French soft ripened cheese

Coulommiers (/fr/) is a soft ripened cheese from Coulommiers, Seine-et-Marne, France. It is made from cow's milk, and is usually in the shape of a disc with white, bloomy, edible Penicillium candidum rind. When produced as an artisanal or "farmhouse" cheese from unpasteurized milk, it has some reddish blush in parts of the rind. The period of ripening when made of pasteurised whole milk is about four to six weeks. The fat content is 40 per cent.

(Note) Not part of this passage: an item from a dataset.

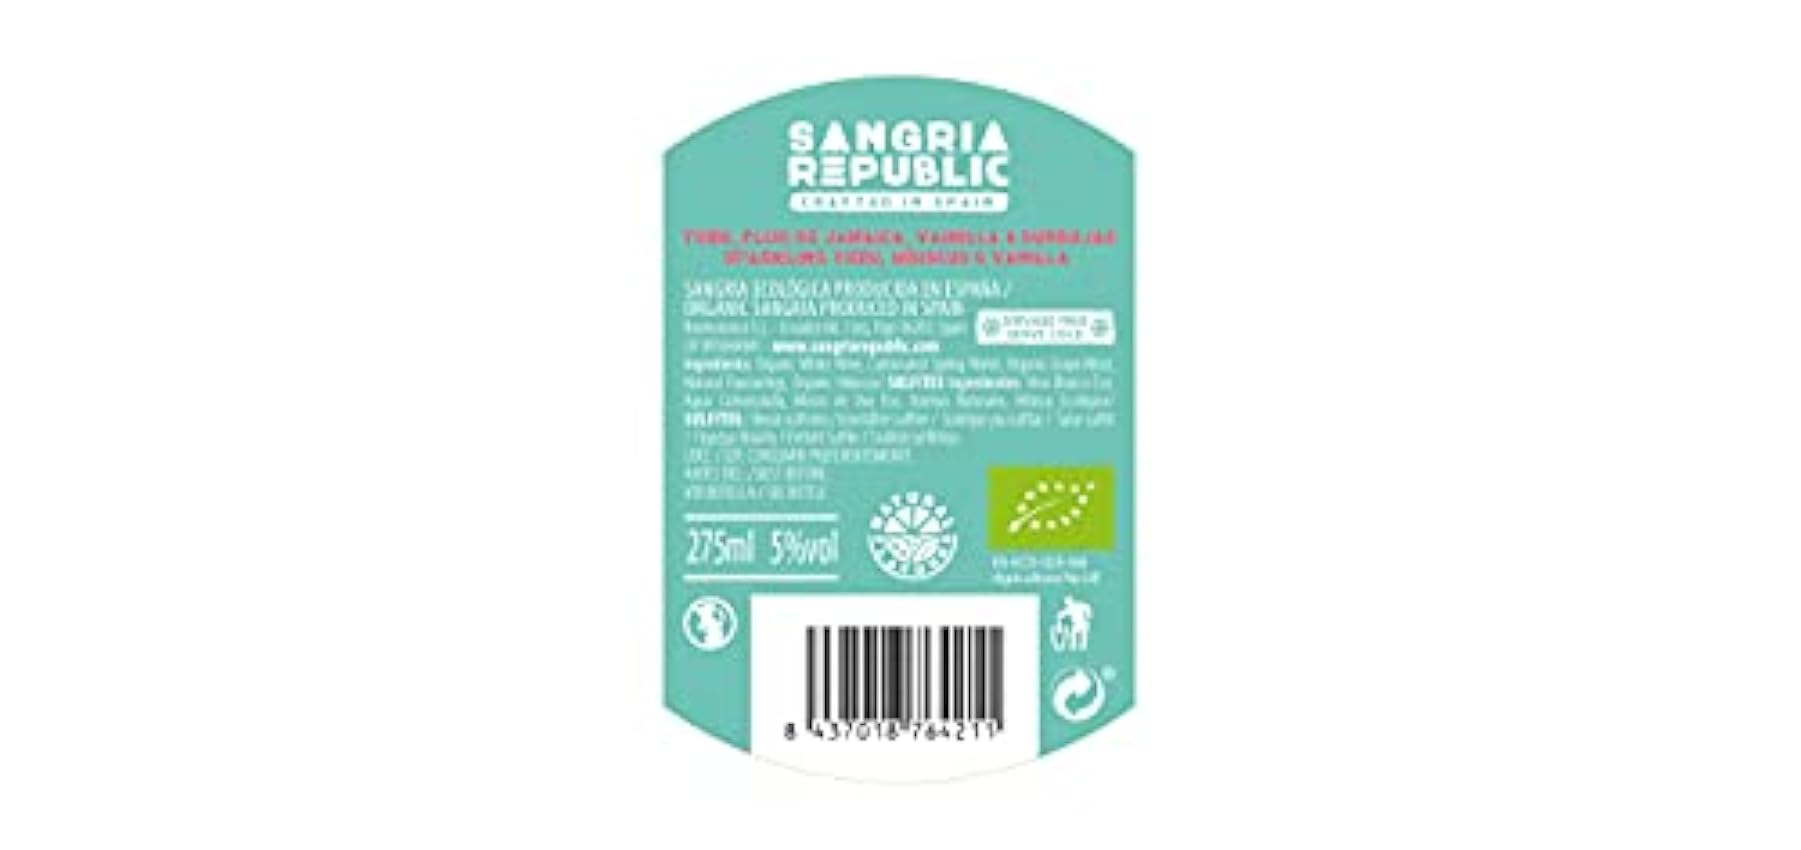 SANGRIA REPUBLIC - PACK 12 Sangría Bebida Refrescante Ecológica Vegana Sin Gluten | Sabor Yuzu, Hibiscus & Vainilla HVeHjfq4

Coulommiers is a lesser-known cousin of Brie, although it has been produced for longer. It is smaller and thicker than Brie and with a nuttier flavour, but otherwise has similar characteristics, with a similar buttery colour and supple texture. The cheese may be either farmer-made or industrially produced; however, the industrial version lacks the depth of an unpasteurized cheese. Because it is not an AOC cheese, producers can make it with pasteurized milk and export it to the United States.

==History==
In 1930, there were 250 cheesemakers coming from Coulommiers, selling their cheese to "affineurs" at the Coulommiers market every Wednesday. In 1946, affineurs started to make cheese. Meanwhile, the number of cheesemakers declined; there were only 60 left in 1946. They were all making brie de Coulommiers (by definition) of different sizes, but only the specific size, diameter 13 to 15 cm, was unique to the Coulommiers market. Today, this cheese is commonly called Coulommiers. In 2008, local councillors led by Franck Riester, Deputy Mayor, and journalists launched the PDO project to raise the importance of a unique Coulommiers cheese.